Find the roots of the following quadratic equations (if they exist) by the method of completing the square.
$\sqrt{2} x^{2}-3 x-2 \sqrt{2}=0$
We have been given that,
$\sqrt{2} x^{2}-3 x-2 \sqrt{2}=0$
Now divide throughout by $\sqrt{2}$. We get,
$x^{2}-\frac{3}{\sqrt{2}} x-2=0$
Now take the constant term to the RHS and we get
$x^{2}-\frac{3}{\sqrt{2}} x=2$
Now add square of half of co-efficient of ‘x’ on both the sides. We have,
$x^{2}-\frac{3}{\sqrt{2}} x+\left(\frac{3}{2 \sqrt{2}}\right)^{2}=\left(\frac{3}{2 \sqrt{2}}\right)^{2}+2$
$x^{2}+\left(\frac{3}{2 \sqrt{2}}\right)^{2}-2\left(\frac{3}{2 \sqrt{2}}\right) x=\frac{25}{8}$
$\left(x-\frac{3}{2 \sqrt{2}}\right)^{2}=\frac{25}{8}$
Since RHS is a positive number, therefore the roots of the equation exist.

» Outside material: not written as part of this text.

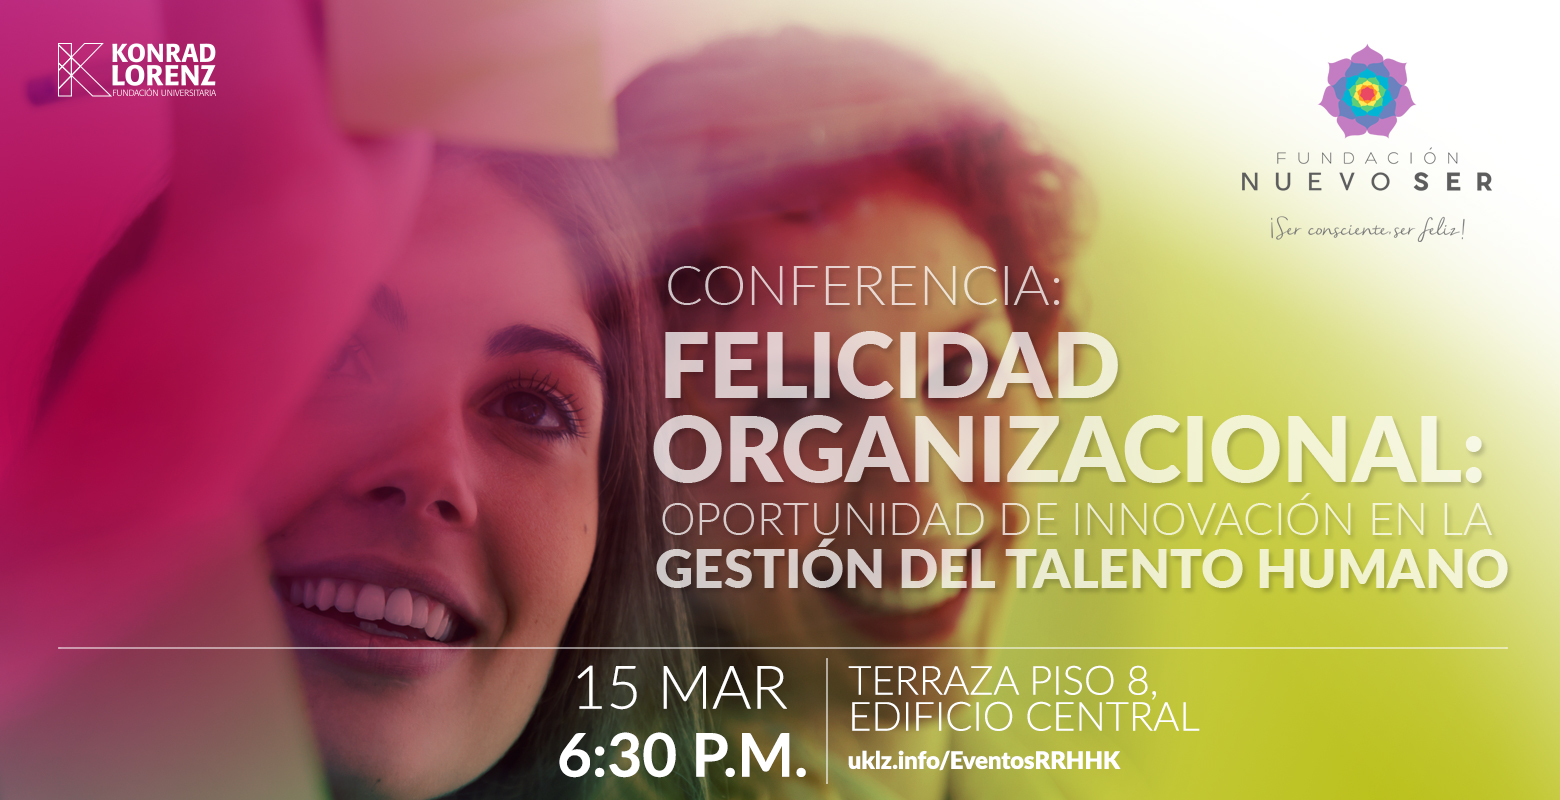 """Conferencia """"Felicidad Organizacional: Oportunidad de innovación en la Gestión del Talento Humano"""""""
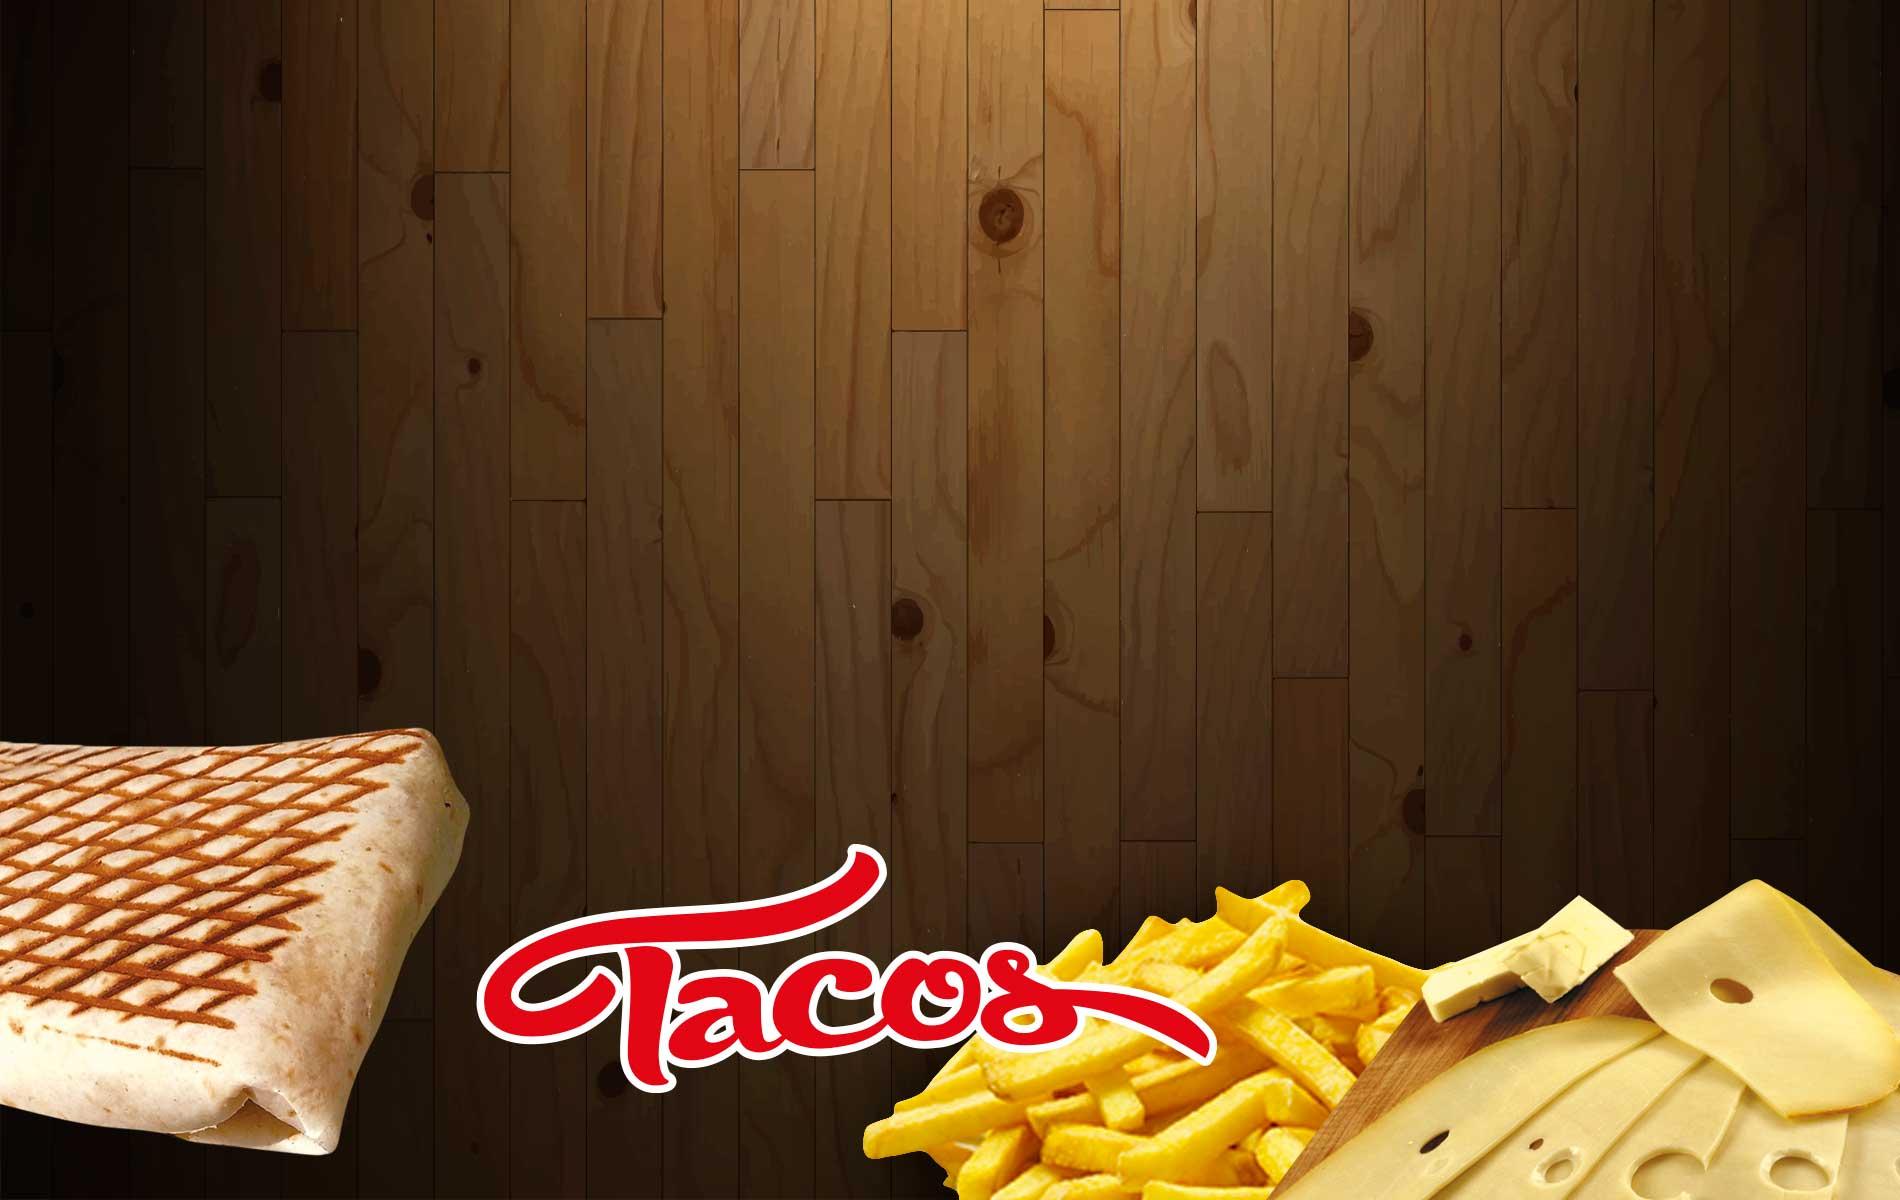 Speedy Tacos Nice Cannes Burger Pizza livraison nuit

So, now take the square root on both the sides and we get
$x-\frac{3}{2 \sqrt{2}}=\pm \frac{5}{2 \sqrt{2}}$
$x=\frac{3}{2 \sqrt{2}} \pm \frac{5}{2 \sqrt{2}}$
Now, we have the values of ‘x’ as
$x=\frac{3}{2 \sqrt{2}}+\frac{5}{2 \sqrt{2}}$
$=2 \sqrt{2}$
Also we have,
$x=\frac{3}{2 \sqrt{2}}-\frac{5}{2 \sqrt{2}}$
$=-\frac{1}{\sqrt{2}}$
Therefore the roots of the equation are $2 \sqrt{2}$ and $-\frac{1}{\sqrt{2}}$.